Urban housing supply problems have been a bug bear with politicians for as long as I can remember. Airbnb is actually pretty easy to attack as part of the supply problem.

So how do you go about targeting Airbnb if you’re the chancellor? Do you find a neat structure whereby they protect the old traditional bnb industry, but urban city centres are not allowed all the taxation benefits? Do you ask for a paid permit structure from SA Landlords? London has been segmented by a 90 day planning rule, so why not segment further for taxation? Ask yourself if you or your friends doubted Airbnb policing London over a year ago. (The answer’s probably yes!).

Not possible? Too difficult, I hear you say? The rent a room scheme is currently under review (https://news.rla.org.uk/budget-promises-rent-a-room-review) and it looks as if that particular taxation benefit for primary home owners is disappearing. You have seen Airbnb cut deals with other countries/cities and they now collect tax receipts on behalf of them. Are you naïve enough to believe that the UK government won’t do something in the future with Airbnb and booking.com? After all they have already asked Airbnb to police London for them. Might the Treasury ask Airbnb to provide the info needed to cross check against your HMRC tax filing?

To me, a property planning win might involve loading some of the income into your pension (depending on your circumstance looking at inheritance planning, with roll over relief to sons/daughters etc).

Let’s holistically look at the UK property market and again go into the politician’s head by looking at the social impact of the current working model…

1) Residential — I have a family and I own my own house which has a mortgage on it. I pay 5k of interest costs a year and I earn 20k from my job. Does that mean that I actually earned 15k a year and should only pay taxes on an income of 15k? There is, of course no current provision for a homeowner to no offset of interest costs.

2) BTL — I am BTL landlord and yet I am able to offset interest (at least until such time as the tapering out of interest relief is complete)… and yet, BTL landlords aren’t exactly flavour of the month!

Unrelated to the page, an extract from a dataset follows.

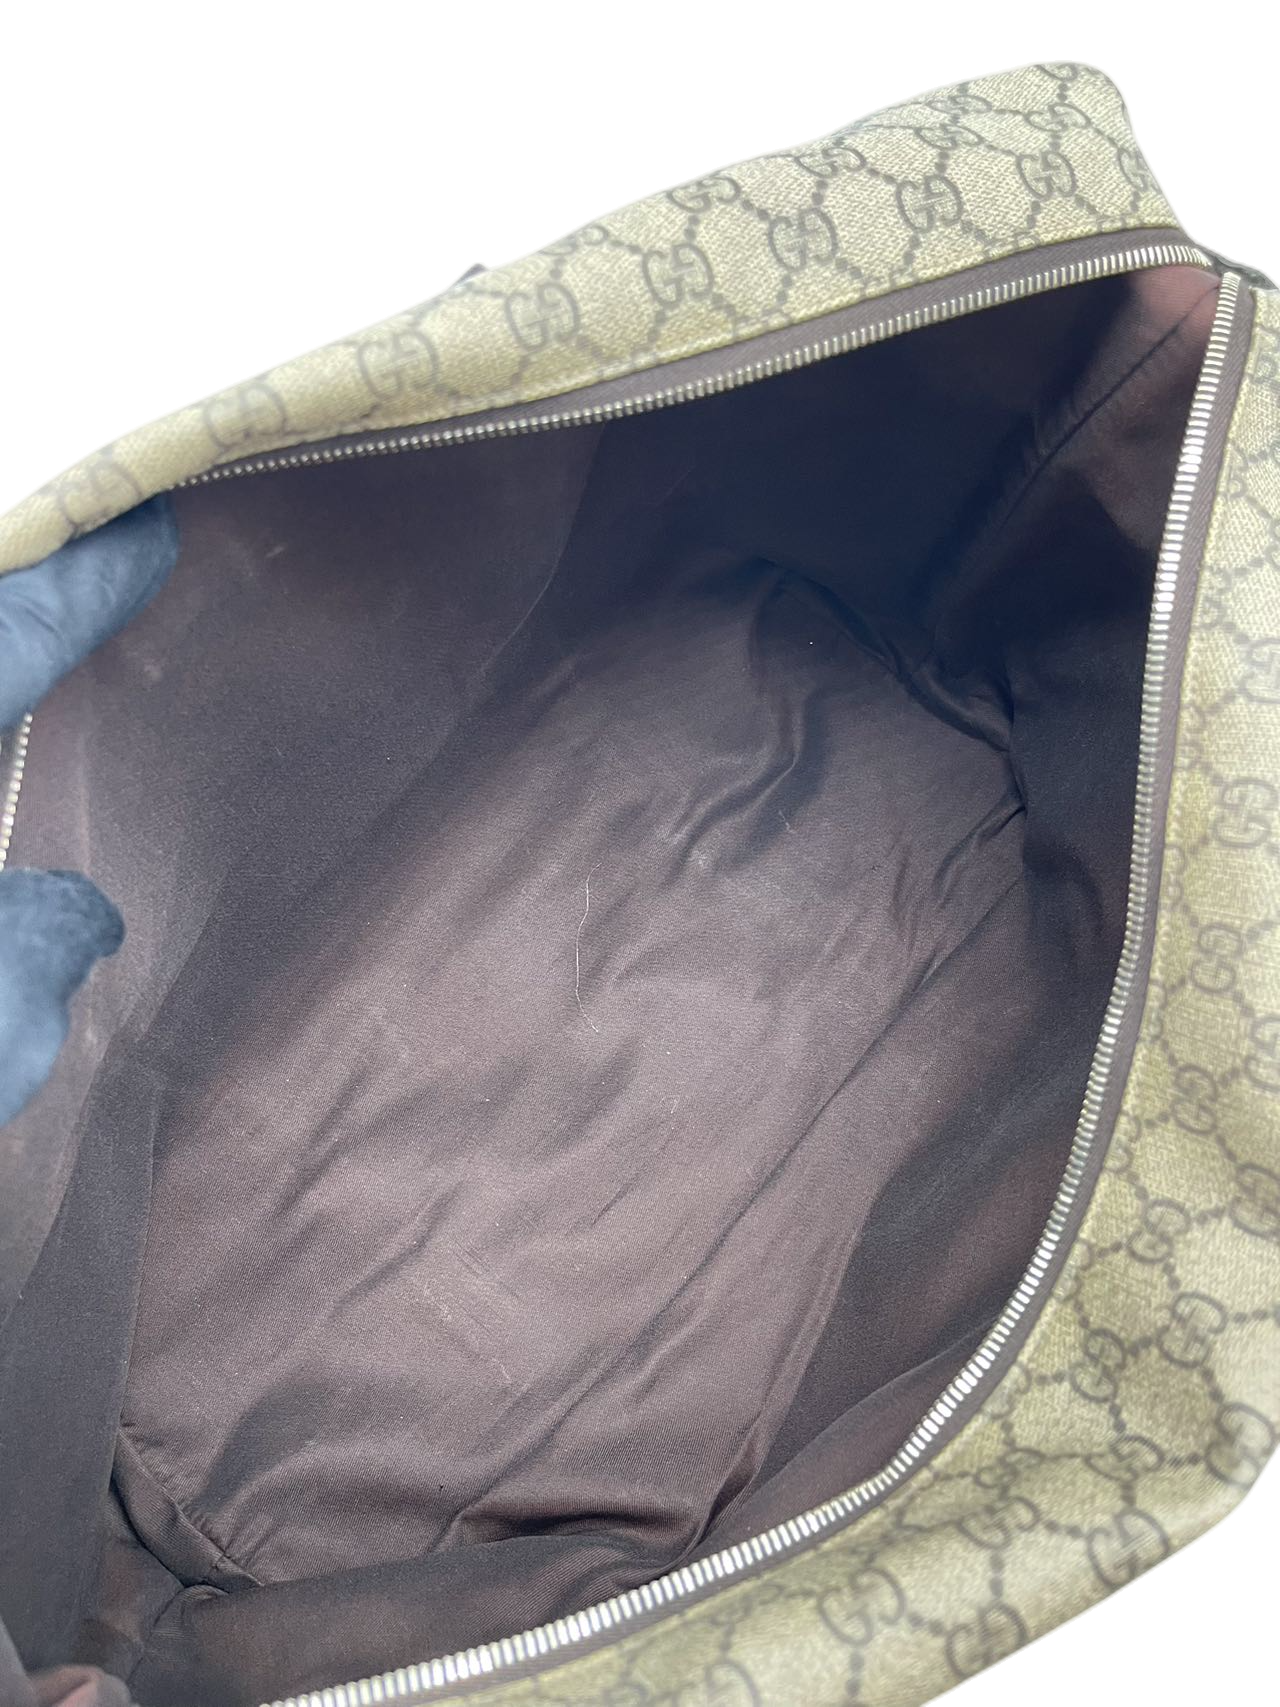 Preloved Gucci GG Logo Printed Canvas Travel Bag Large Totes Shoulder Bag
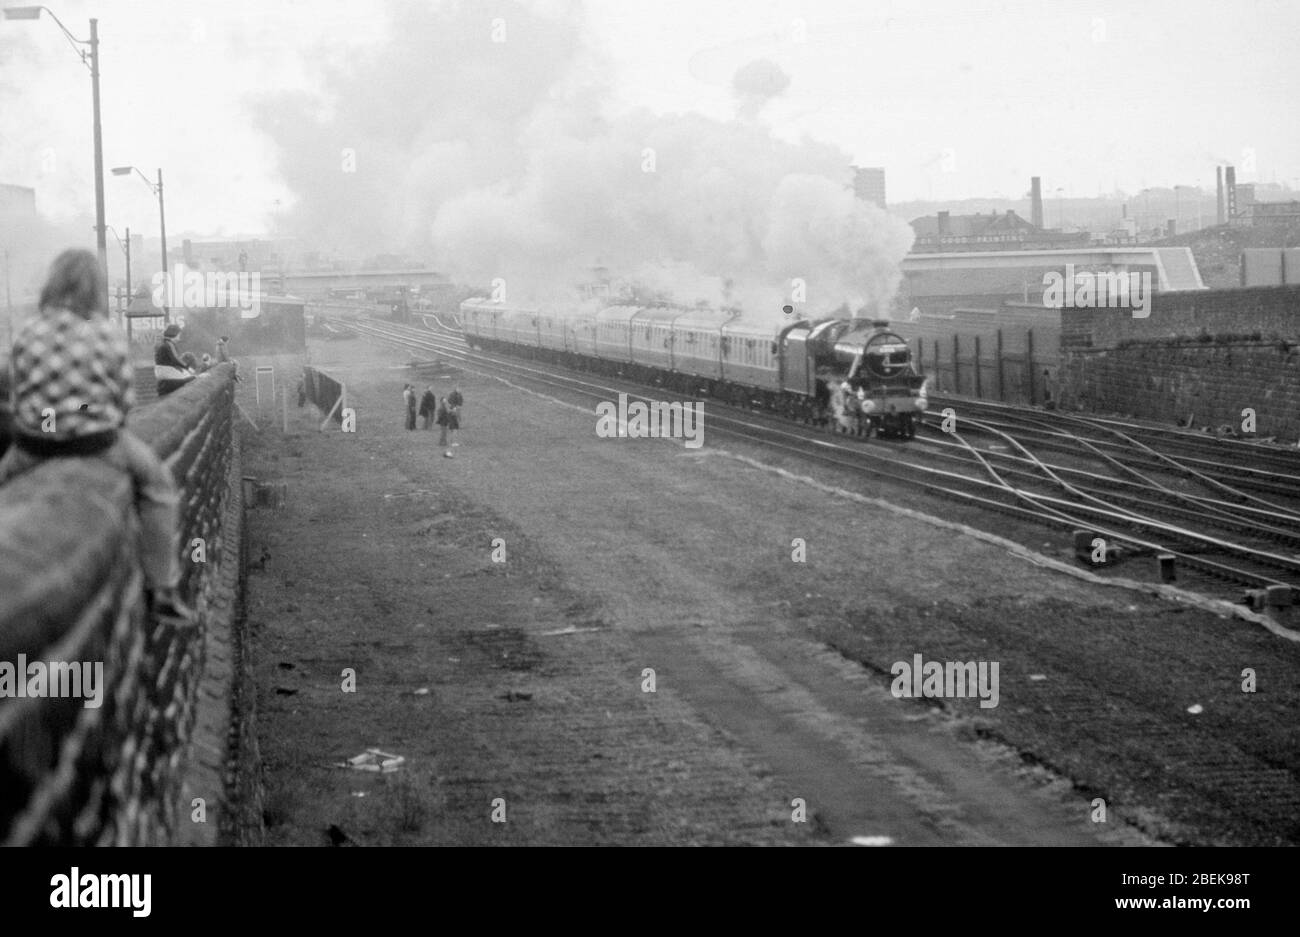 1976, les amateurs de chemins de fer regardaient les trains à vapeur de la ligne principale, Leeds, Angleterre du Nord, Royaume-Uni Banque D'Images

I know this will be very controversial to this audience, but the societal solution to this might actually be to have the interest rate relief apply to a primary residence property and not to secondary properties (admittedly, you’d need a very long phase in period) for it.

My personal view is that we will see some of these changes in years to come. So at the minute, especially with FHL and Airbnb, it’s a matter of making hay while the sun shines — of maximising the tax advantages currently offered by this model. But don’t think of these advantages necessarily as a permanent feature. If something becomes successful, the government will want its pound of flesh at some point.